Article by Tom Lizak/K1TL
The station WPA was located across from the Gulf refinery along the Sabine River channel. All the HF antennas were ground planes (6/8/12MCs) with four elevated radials each. The 4MC antenna was a folded dipole, I believe. The MF (500KC) antenna was a long wire. The station did have a 200’ tower but was taken down due to a cracked base insulator…and never to be put back up again. Real sad as we did have a good signal on 500/416KCs when it was operating along with the 15KW TX. I should have taken more pictures of the transmitter room back then. Bill Prechtl (SK) and I took a walk to the MF antenna shack out in the swamp one winters day, watching out for alligators and snakes. I couldn’t believe the hole in the side of the small building from a lightning strike. The cracked insulator may have been caused by previous tropical storms/ hurricanes or from several lightning strikes.
We did get the 16MC TX up and running and used the folded dipole out in the swamp which was about 60’ above the swamp and a few hundred feet from the building. It worked somewhat but due to the feed losses, most of the RF was wasted. We later abandoned that frequency.
We had severe interference from SSB “National Guard Weekend Warriors” on 8.550MCs during some weekends. The ships complained about this and we notified RCA…it only stopped for a couple of weeks then started up again. This caused some loss of traffic. Our permanent 3rd shift guy, Lloyd Moore (SK), used to use 4MCs in the evening/morning hours but the key clicks were so bad, I couldn’t understand how he could hear anybody calling him with the key clix pounding away in the AR-88’s…but he did pull in traffic on that shift.
We did have some good operators, notably, Leland “Skip” Agard.
The station had a direct link to Exxon via LL which WPA handled all Exxon vessels along the Eastern seaboard and Gulf of Mexico. Also was a Western Union TTY and another LL TTY system which you see in the background in the picture below.
Alas, the station finally closed, I believe in early 1984, as I sent out the last “CQ”.
Above, is John Broussard (SK) hammering away at the mill…he is also famous for hammering away on the “hand pump” which would pretty much shake the table. Some ship operators could not copy him due to his sending “technique” so the other ops here would take his traffic.
Here I am …I can’t believe how thin I was back then !
Above is Bill Prechtl (W3KO, SK) in foreground and I’m sitting in the HF position straining my ears for signals on the infamous RCA AR-88 RX’s.
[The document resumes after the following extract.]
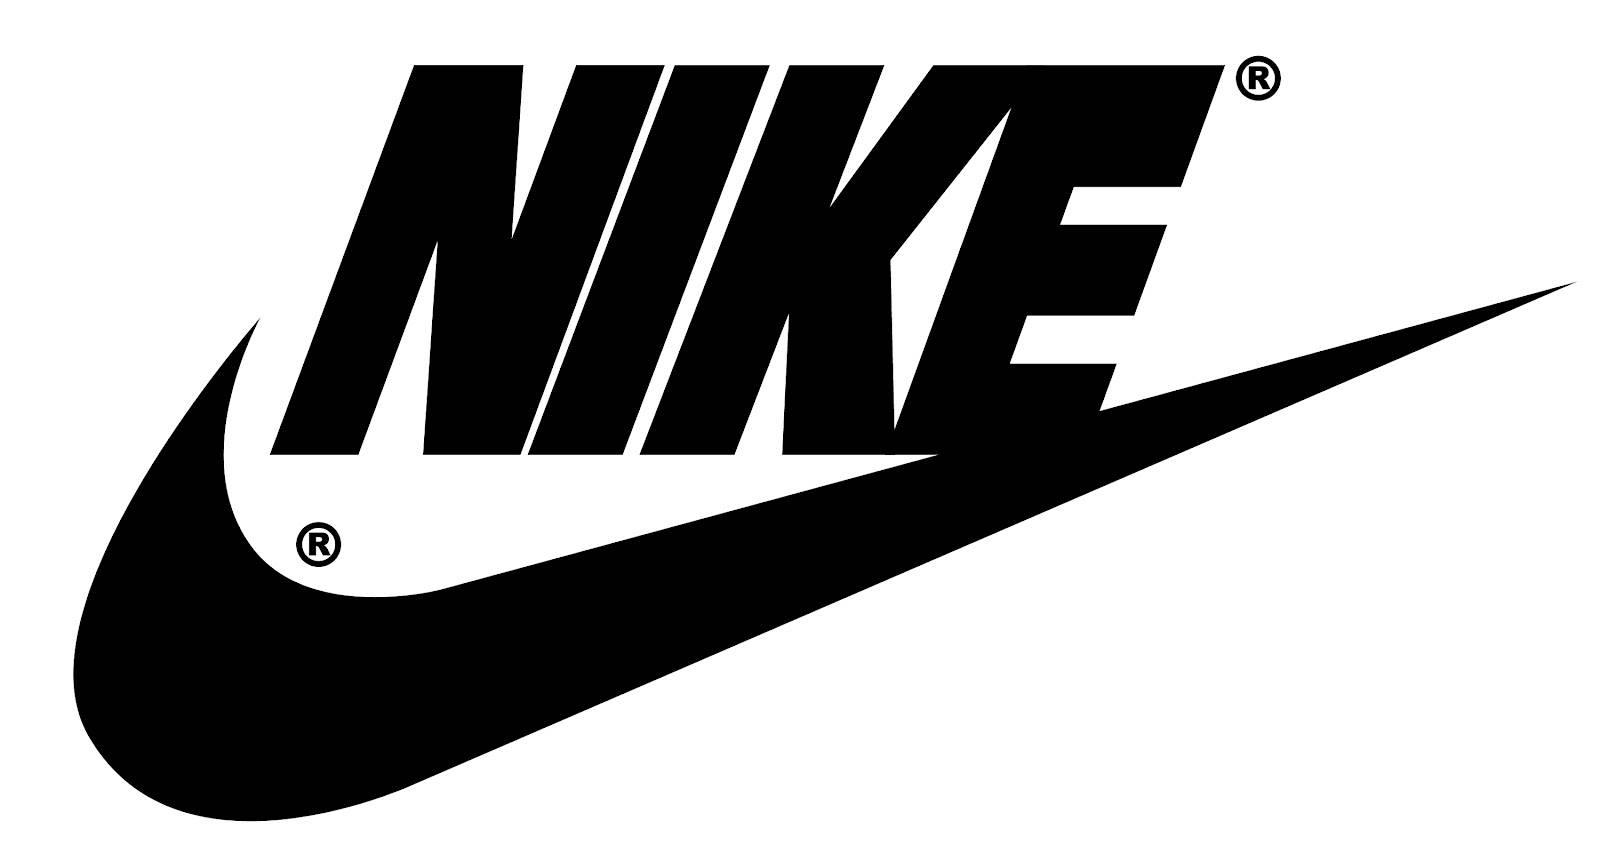 Логотип Nike - Stone Forest

Picture of the building along the Sabine River shipping channel. All the HF antennas were ground planes with four elevated radials. We did get the folded dipole for 16MCs working but we did not get much traffic on that band most likely due to feed line losses. Definitely had some sinking of the ground around the building as you can see. Pretty much like walking “uphill” inside the building.